Give the listing again word for word, excluding the pictures it contains.

[Opening MATERIAL PROVIDED section]

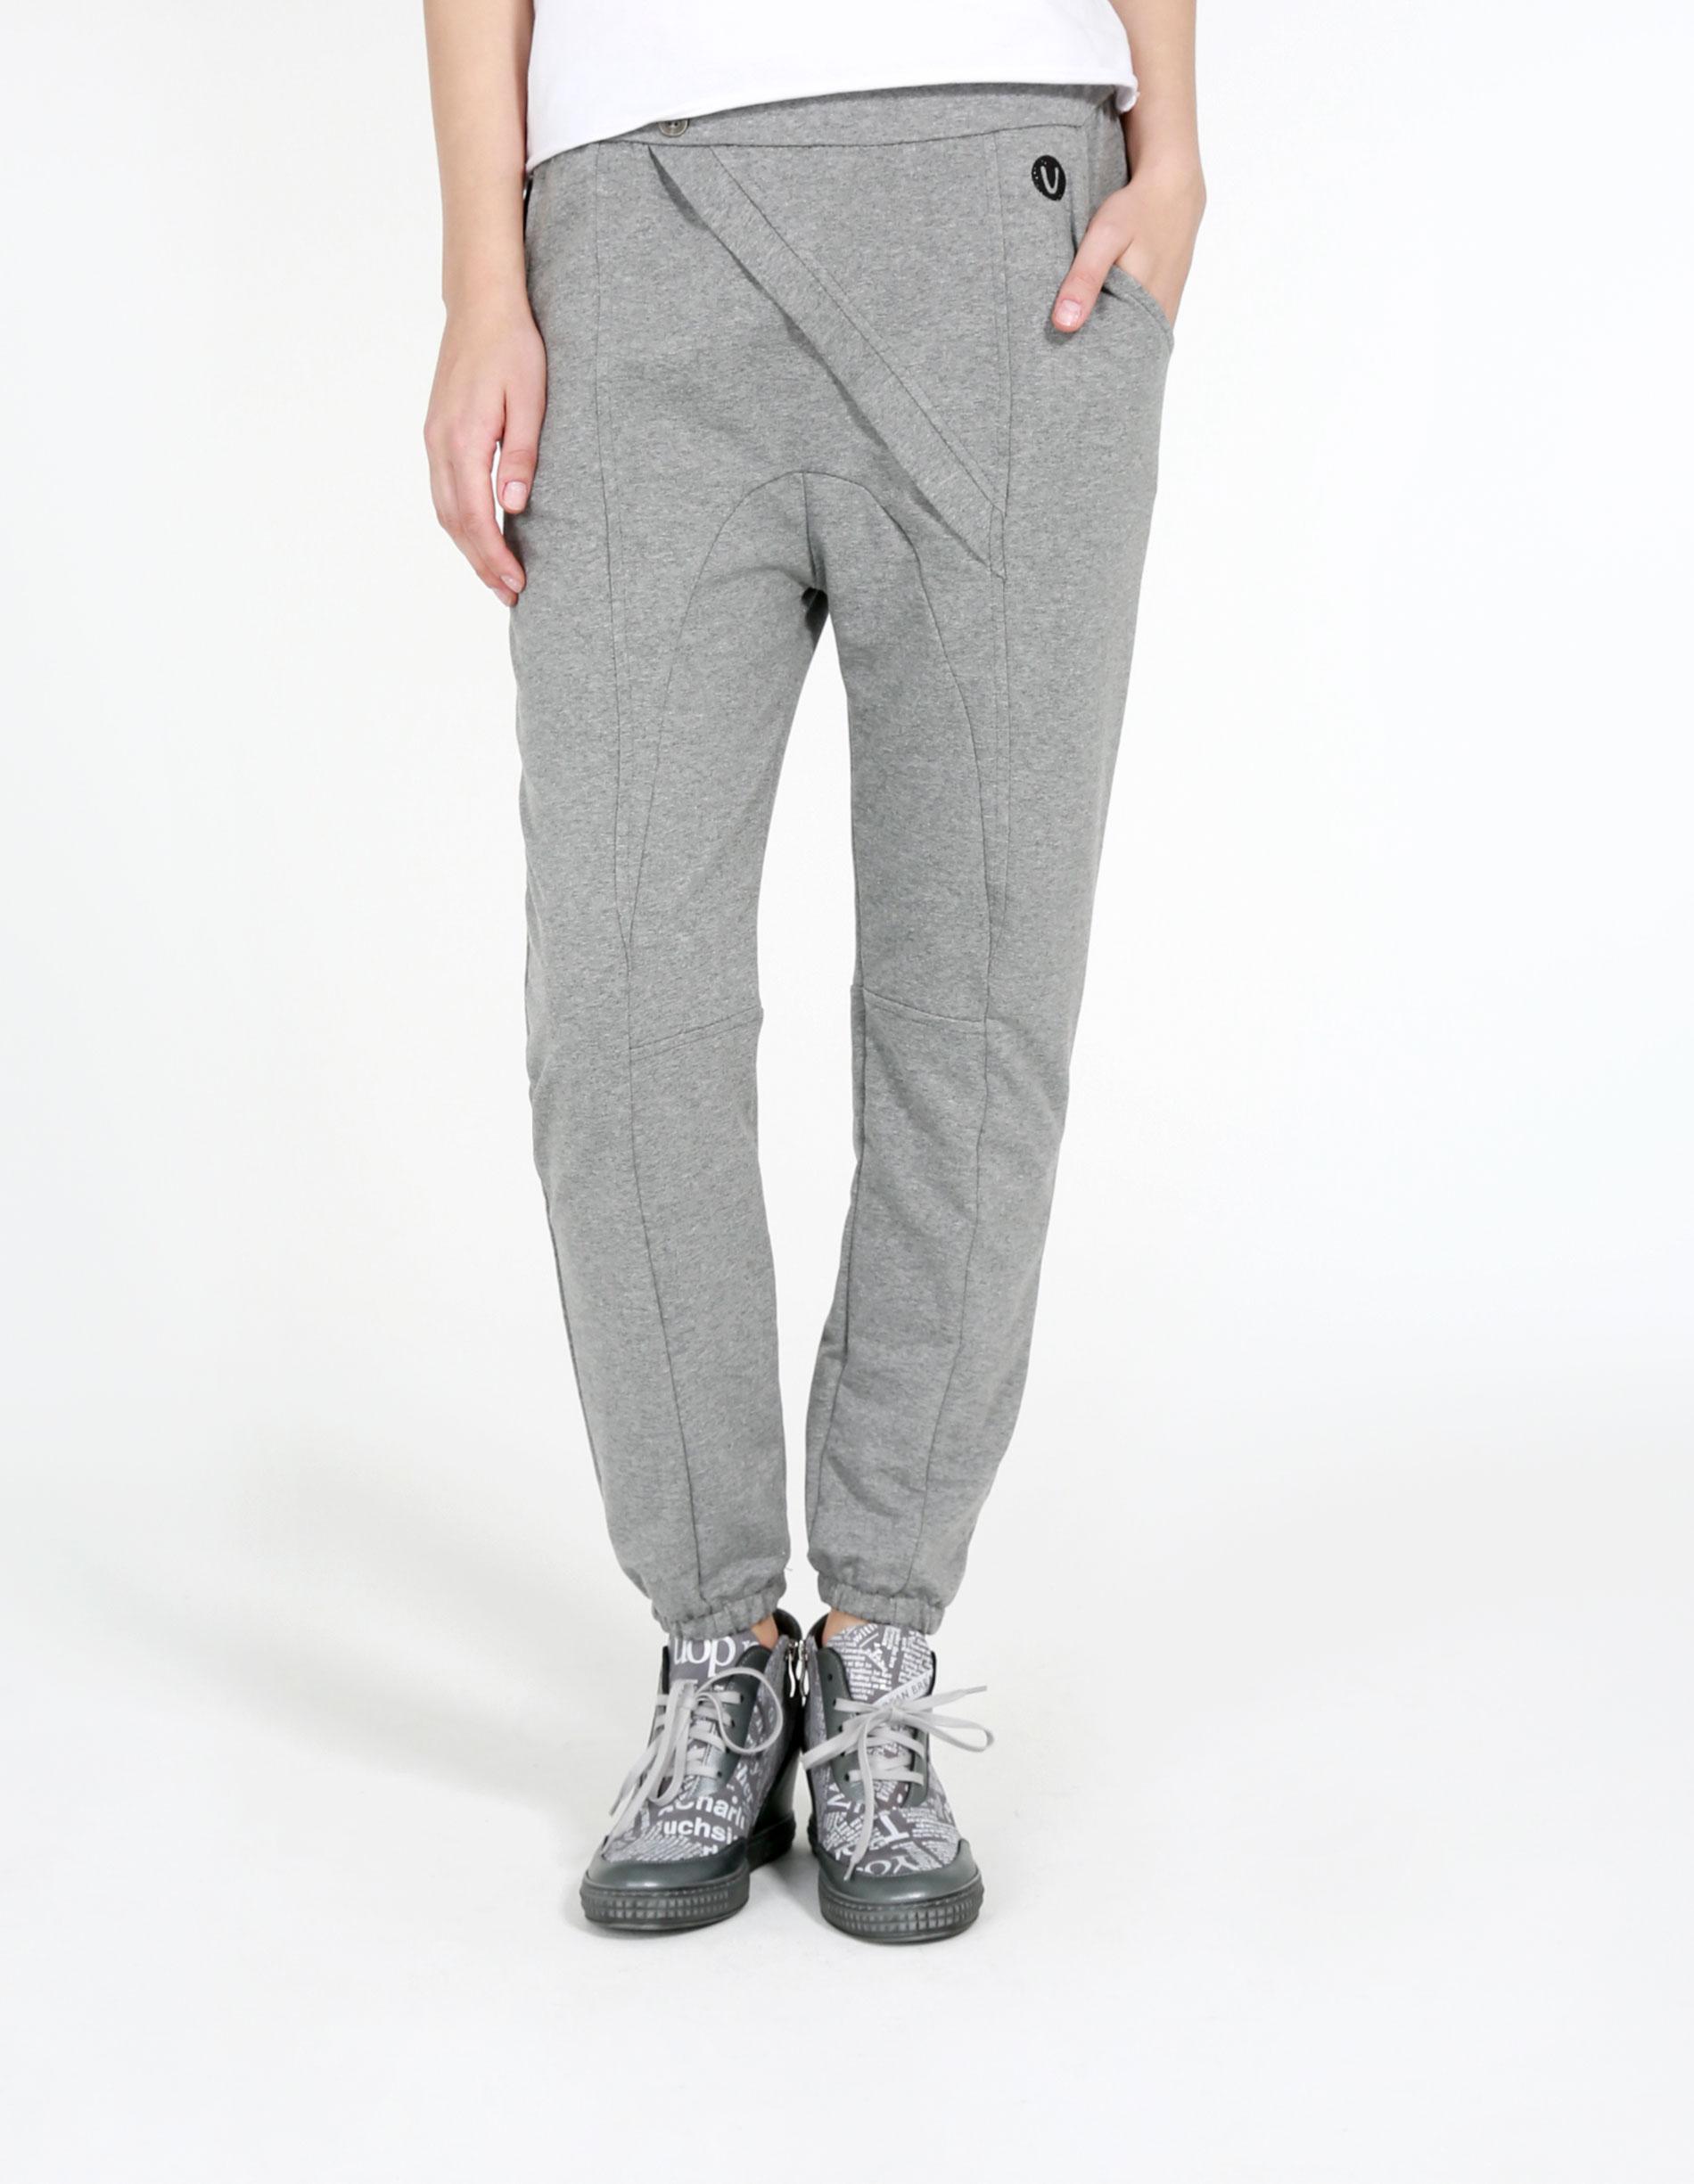 Spodnie - 30-67032 GRME - Unisono
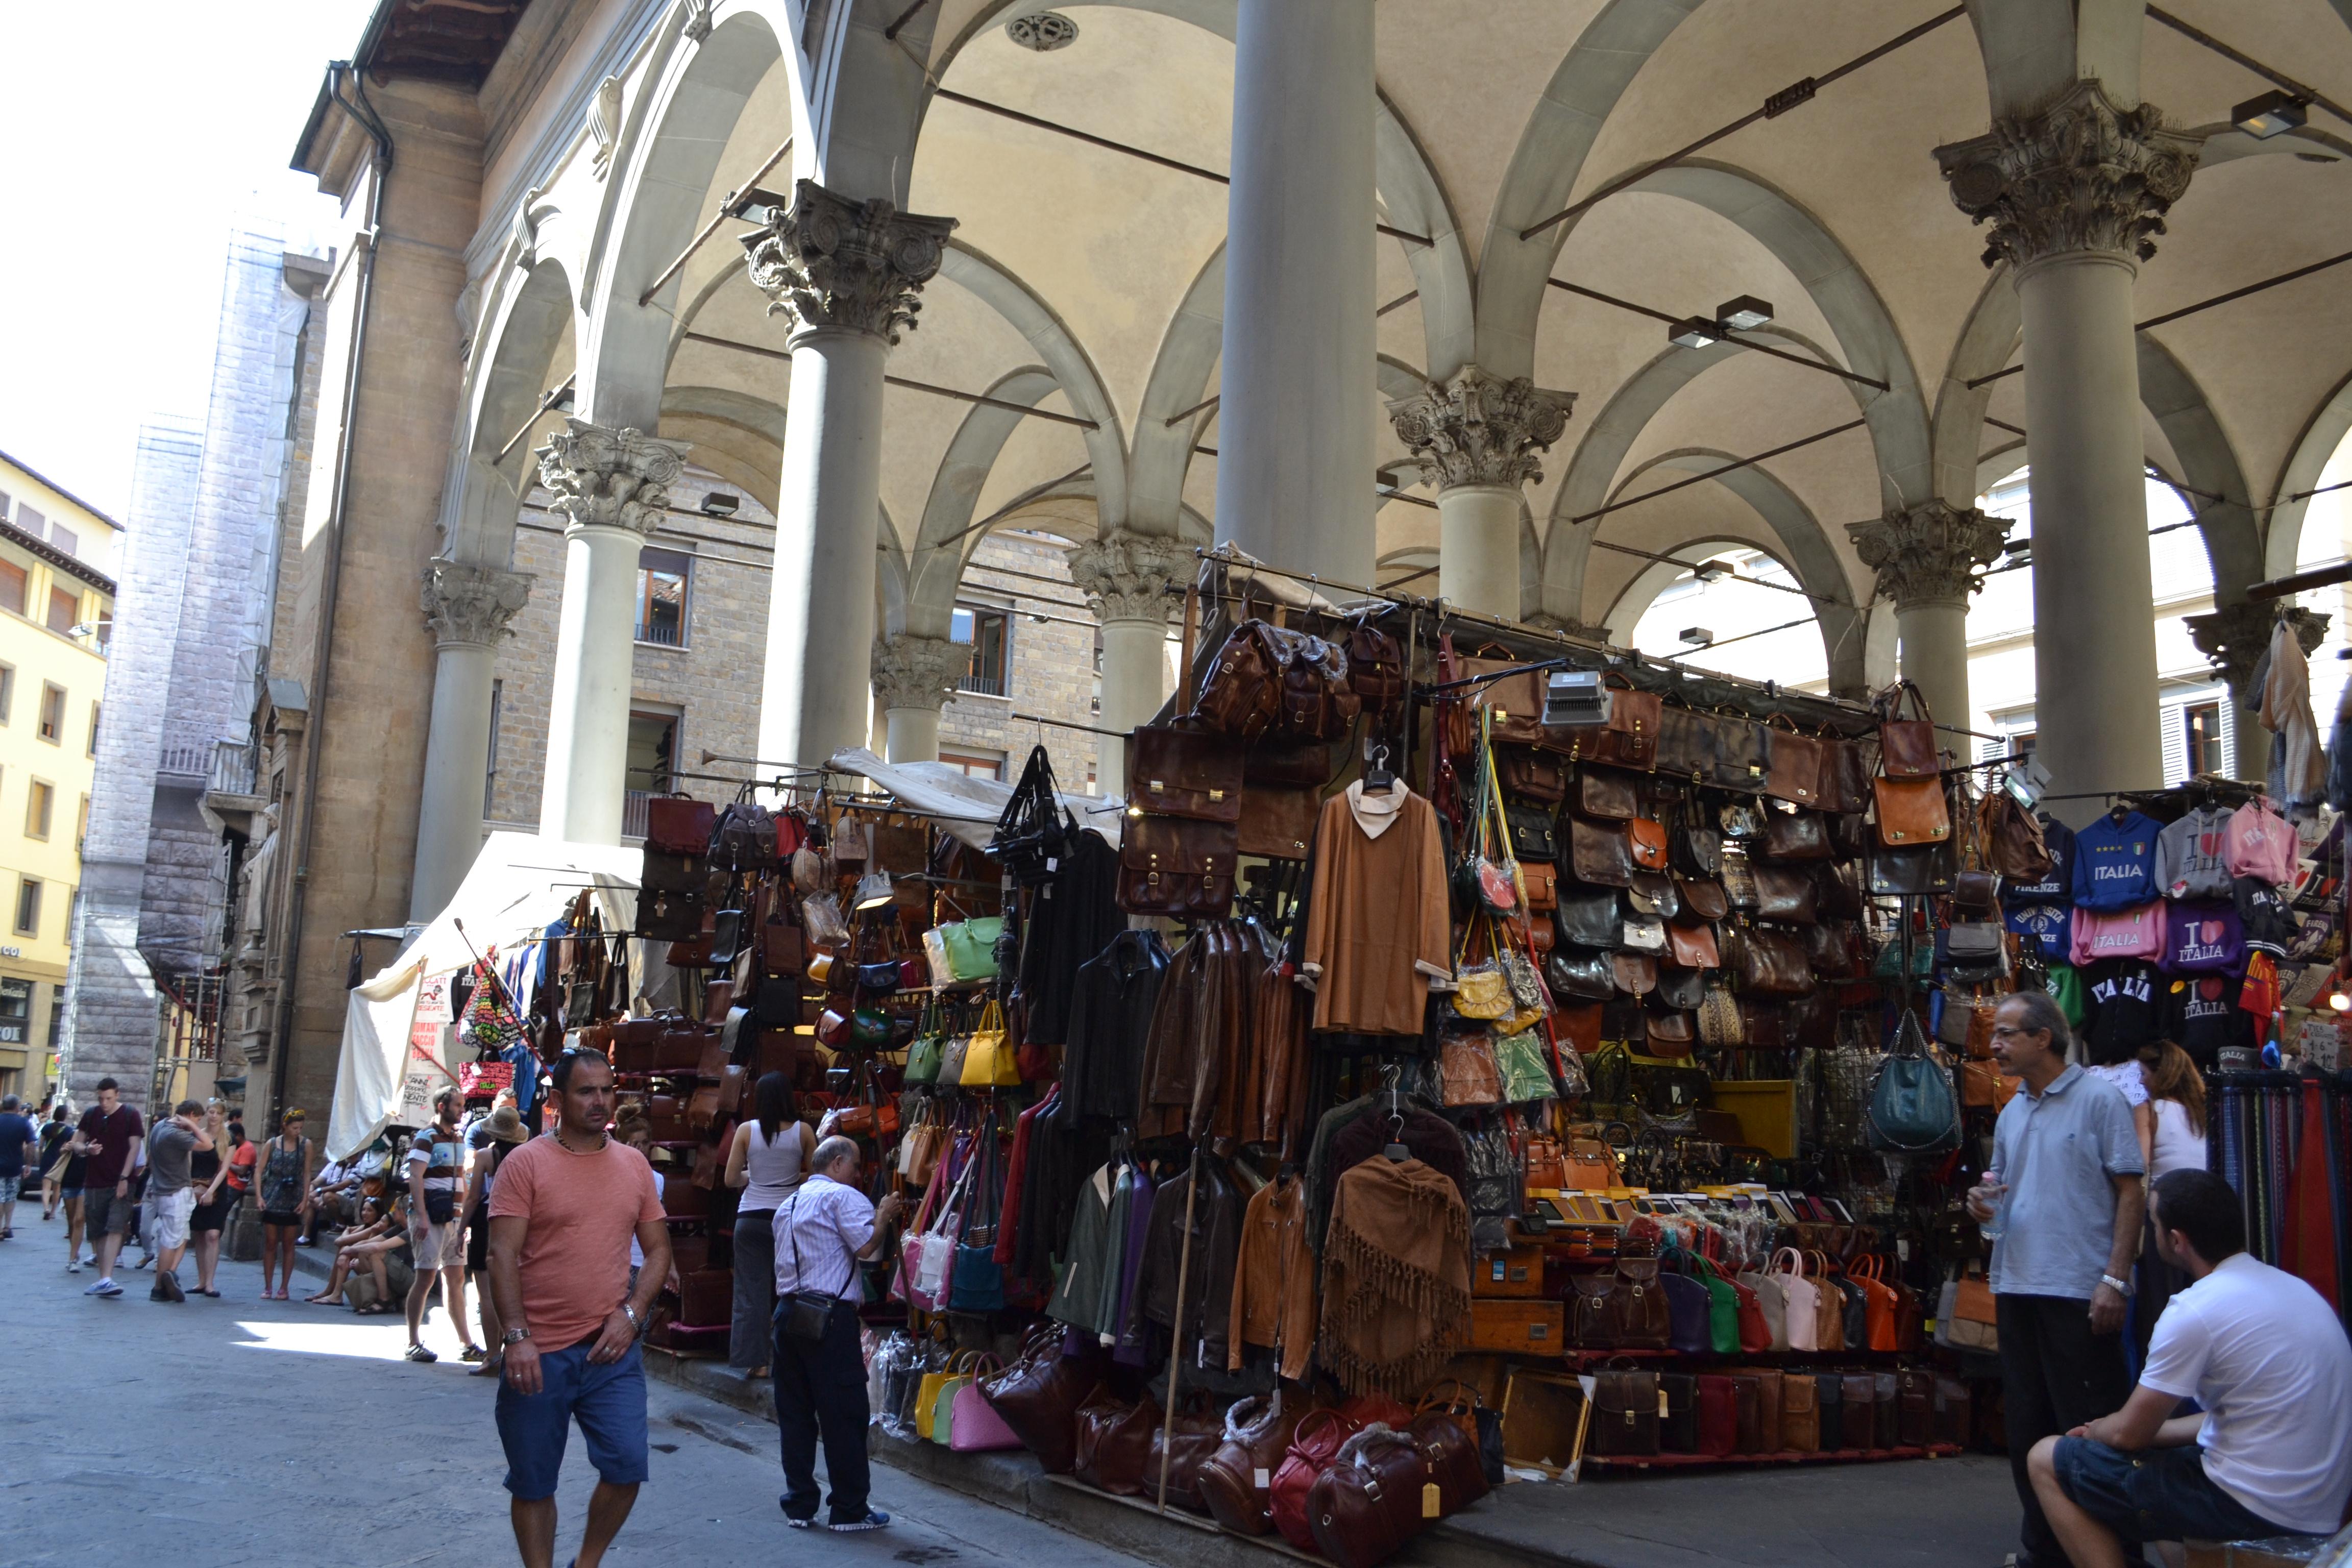 f2afcbbba Junto a esta maravillosa plaza podéis encontrar una de las tiendas vintage  con más estilo de Florencia: TWIN SET. Moda vintage exclusiva pero con un  toque ...
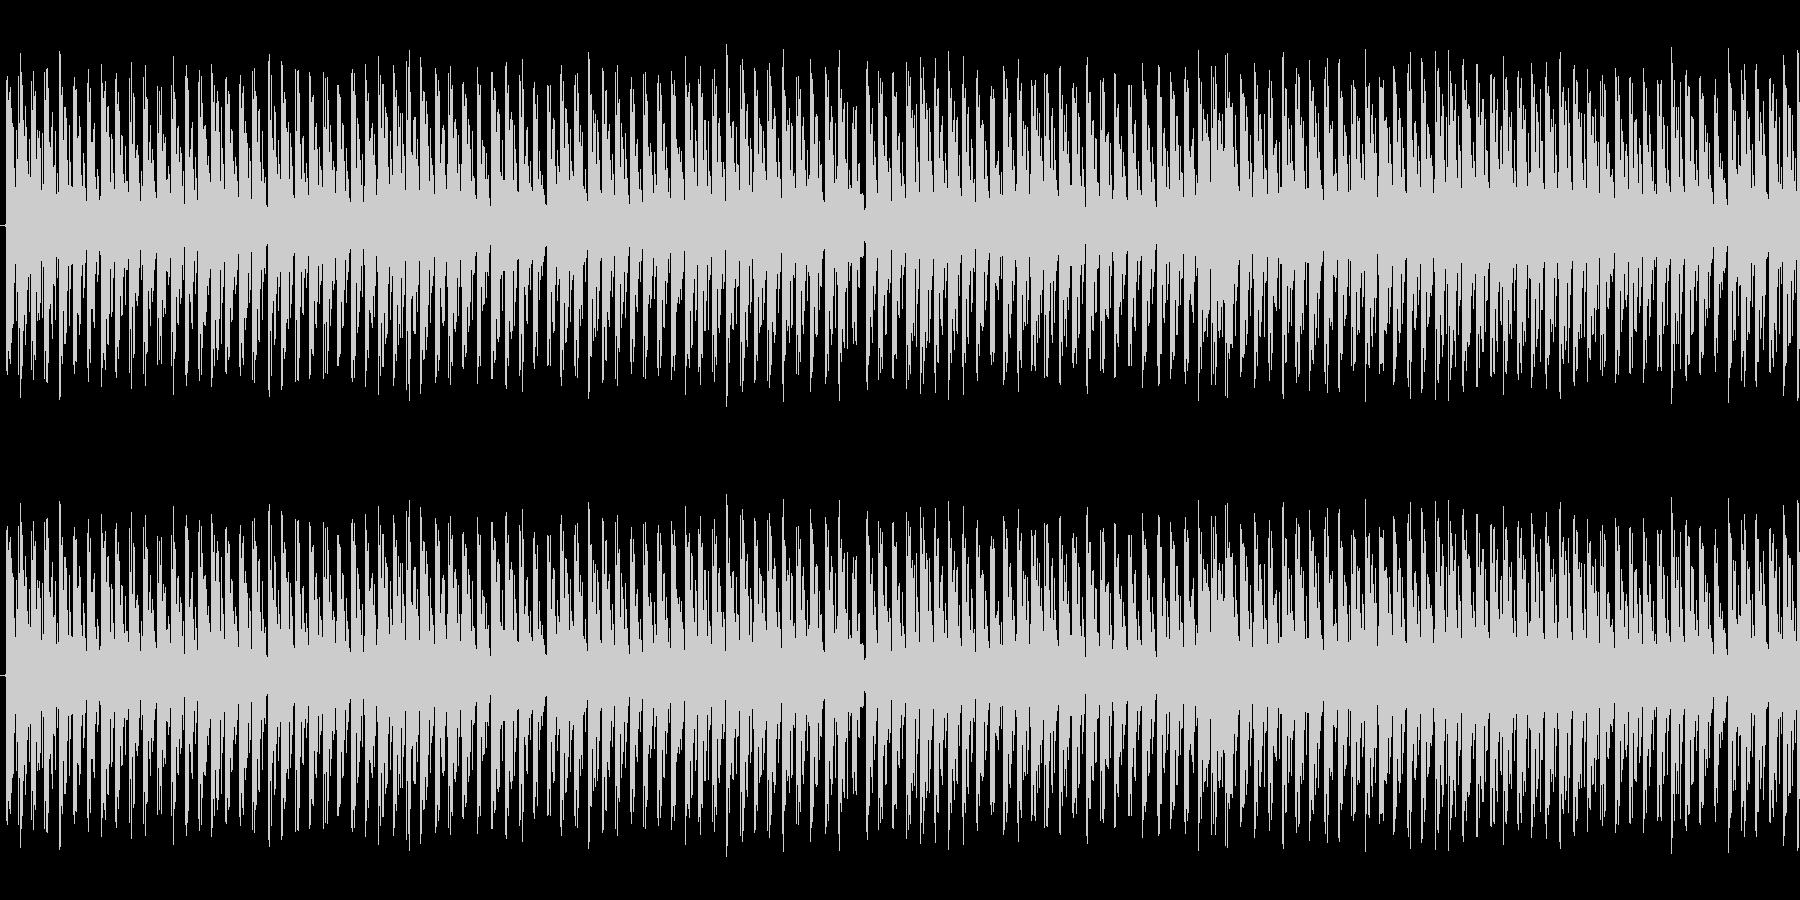 水たまりの上を走っているかのような音ですの未再生の波形

[Closing MATERIAL PROVIDED section]

### RESPONSE BOX
 Spodnie - 30-67032 GRME - Unisono
 f2afcbbba Junto a esta maravillosa plaza podéis encontrar una de las tiendas vintage  con más estilo de Florencia: TWIN SET. Moda vintage exclusiva pero con un  toque ...
 水たまりの上を走っているかのような音ですの未再生の波形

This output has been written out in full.